OpenAI → SIE

OpenAI Embeddings is a paid managed API. SIE is a self-hosted inference engine. There are two migration paths:

Drop-in shim. Point the OpenAI SDK at SIE’s /v1/embeddings endpoint. Two-line change, every other call site untouched.
Native SDK. Use sie_sdk.SIEClient directly to access sparse, multivector, ColBERT, rerankers, and extraction.

Why migrate

Cost crosses over at moderate volume. OpenAI bills per token; SIE has flat hourly cost. The right answer depends on your workload; see the worked example below. Plug in your own numbers before quoting either side.
Data residency. Embeddings of your text never leave your network.
No rate limits. Your ceiling is whatever GPU capacity you provision. You also own the SLA: OpenAI’s published 99.9% becomes whatever your platform team operates.
Model breadth. OpenAI ships 3 embedding models. SIE serves 100+ out of the box (109 bundle configs as of writing) across dense, sparse, ColBERT/multivector, vision, and rerankers.

TL;DR

client = OpenAI(api_key=os.environ["OPENAI_API_KEY"])
client = OpenAI(api_key="not-needed", base_url="http://sie:8080/v1")

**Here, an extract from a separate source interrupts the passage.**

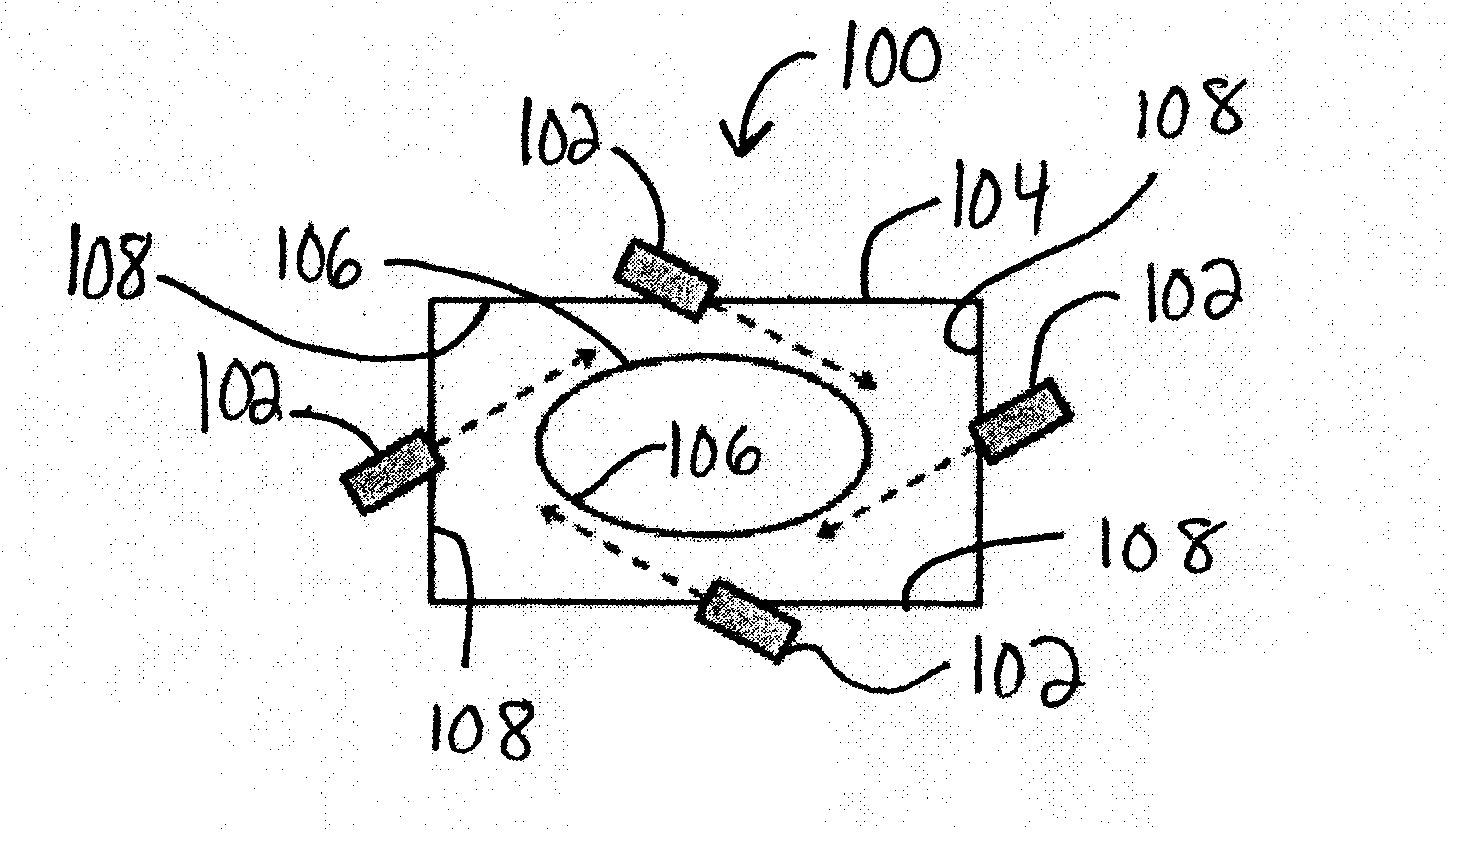 Oxy-Fuel Furnace and Method of Heating Material in an Oxy-Fuel Furnace

…and model="text-embedding-3-small" becomes model="intfloat/e5-base-v2" (or whichever SIE model you pick).

Before

import os
from openai import OpenAI

client = OpenAI(api_key=os.environ["OPENAI_API_KEY"])
resp = client.embeddings.create(
    model="text-embedding-3-small",
    input=["The mitochondrion is the powerhouse of the cell."],
)
vector = resp.data[0].embedding  # 1536-dim

from openai import OpenAI

client = OpenAI(api_key="not-needed", base_url="http://localhost:8080/v1")
resp = client.embeddings.create(
    model="intfloat/e5-base-v2",
    input=["The mitochondrion is the powerhouse of the cell."],
)
vector = resp.data[0].embedding  # 768-dim

from sie_sdk import SIEClient
from sie_sdk.types import Item

client = SIEClient("http://localhost:8080")
result = client.encode(
    "intfloat/e5-base-v2",
    Item(text="The mitochondrion is the powerhouse of the cell."),
)
vector = result["dense"].tolist()

Mapping

OpenAI	SIE equivalent
`text-embedding-3-small` (1536)	`intfloat/e5-base-v2` (768)
`text-embedding-3-large` (3072)	`Alibaba-NLP/gte-Qwen2-1.5B-instruct` or `NovaSearch/stella_en_1.5B_v5`
`dimensions=N` truncation	Slice client-side, or pick a smaller-dim model
`encoding_format="base64"`	Supported on `/v1/embeddings` with the same field
`user="..."` for abuse tracking	Use SIE telemetry / your own tracing

Worked cost example

Public list prices, no negotiated discounts, single region:

Workload	OpenAI (`text-embedding-3-small` @ $0.02 / 1M tokens)	SIE on one `g5.xlarge` (1× A10G, ~$1.00/hr on-demand)
10M tokens / day	~ $0.20 / day · ~$ 6 / month	~ $24 / day · ~$ 730 / month
100M tokens / day	~ $2 / day · ~$ 60 / month	~ $24 / day · ~$ 730 / month
1B tokens / day	~ $20 / day · ~$ 600 / month	~ $24 / day · ~$ 730 / month
5B tokens / day	~ $100 / day · ~$ 3,000 / month	needs ≥1 GPU; still ~ $730–$ 2,200 / month

Crossover sits around 1.2B tokens / day on this size class. Below that, OpenAI is cheaper and you don’t run a GPU. Above that, SIE wins on cost and the gap widens linearly. None of this counts the engineering cost of operating a GPU pool, which is the actually-load-bearing variable for most teams. Plug in your own utilization, GPU size, and reserved-instance discount before quoting a number to your manager.

Re-embed required?

Yes. Different model → different vector space. Even text-embedding-3-small truncated to 1024 dims is not interchangeable with any open-source model. Plan a re-embed window before cutting over.

Run it yourself

# Start SIE with E5 loaded.
mise run serve -- -m intfloat/e5-base-v2

# Run the OpenAI 'before' script and the SIE 'after' script
# from this page. Compare the printed embeddings.
export OPENAI_API_KEY=sk-...
uv add openai

Cosine across spaces carries no signal, so don’t expect 1.0. For sign-off, run your retrieval eval against both legs.